#### [Exercise aim]
Write out the data word for word and omit every picture.

#### [Information supplied]
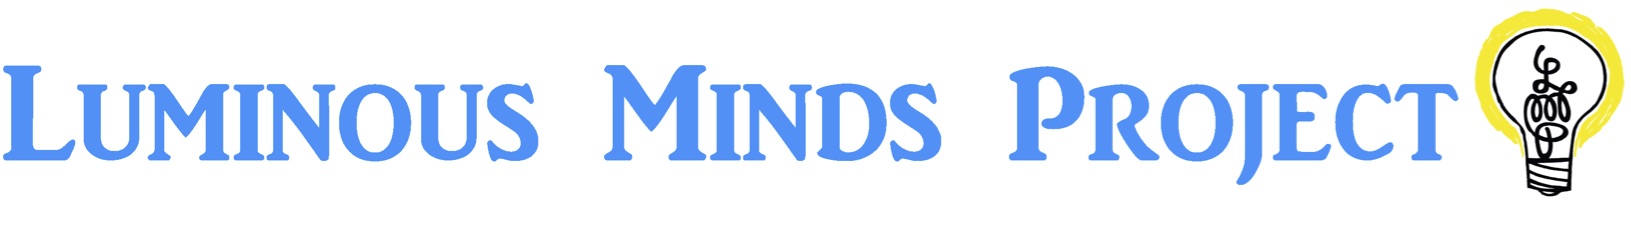 Luminous Minds Project logo
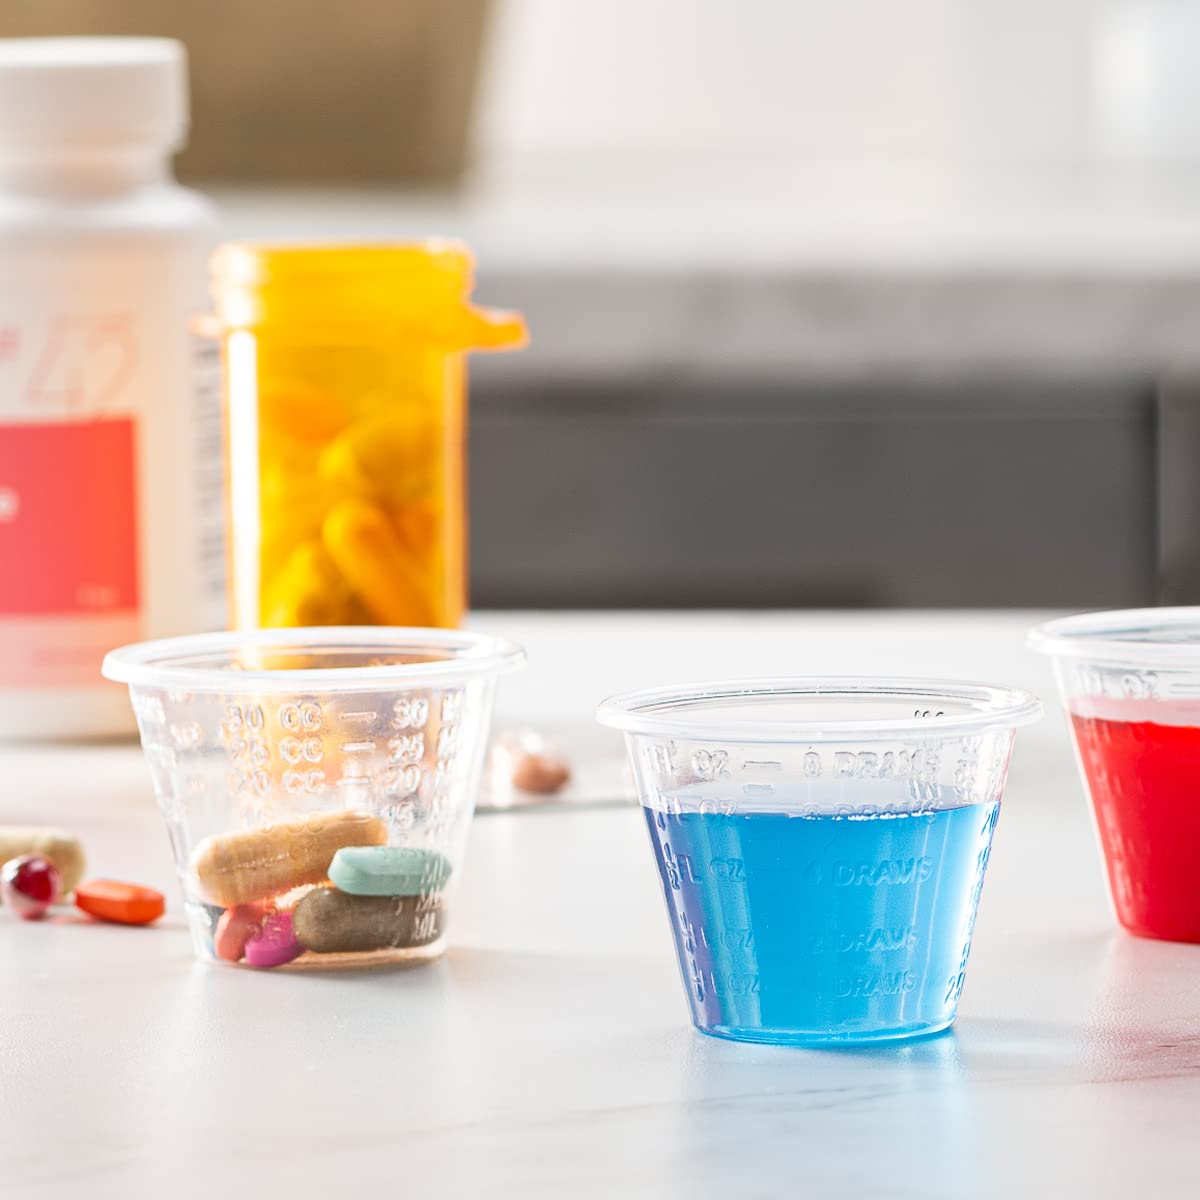 [100 Count - 1 oz.] Plastic Disposable Medicine Measuring Cup for Liquid Medicine, Epoxy, & Pills
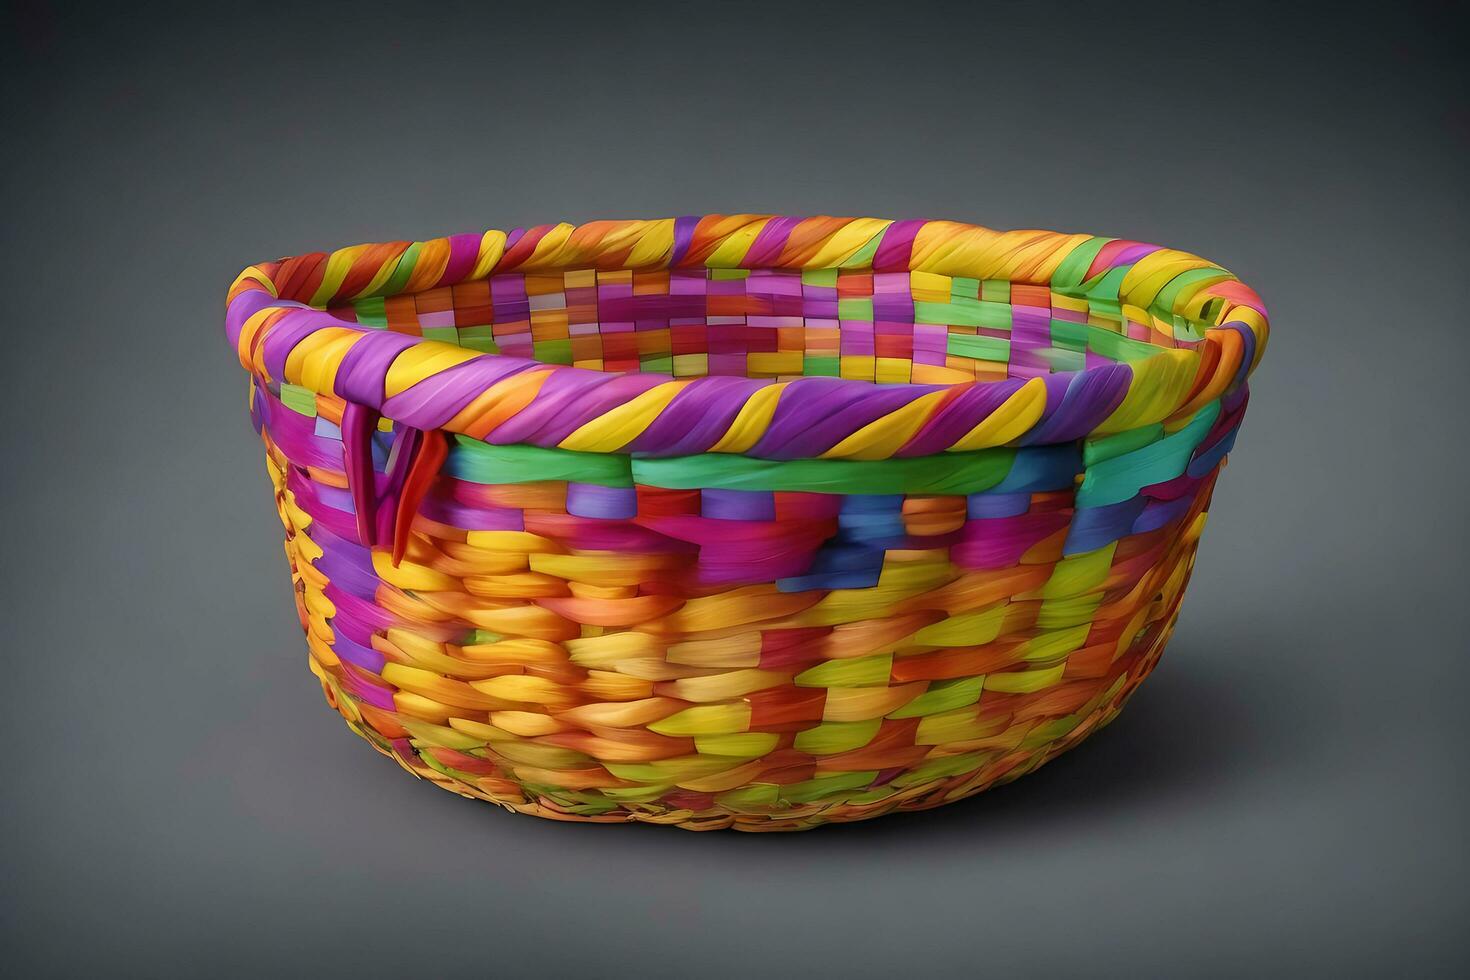 compras bolso vacío mimbre cesta con vibrante colores, ai generado gratis foto

#### [Task result]
 Luminous Minds Project logo
 [100 Count - 1 oz.] Plastic Disposable Medicine Measuring Cup for Liquid Medicine, Epoxy, & Pills
 compras bolso vacío mimbre cesta con vibrante colores, ai generado gratis foto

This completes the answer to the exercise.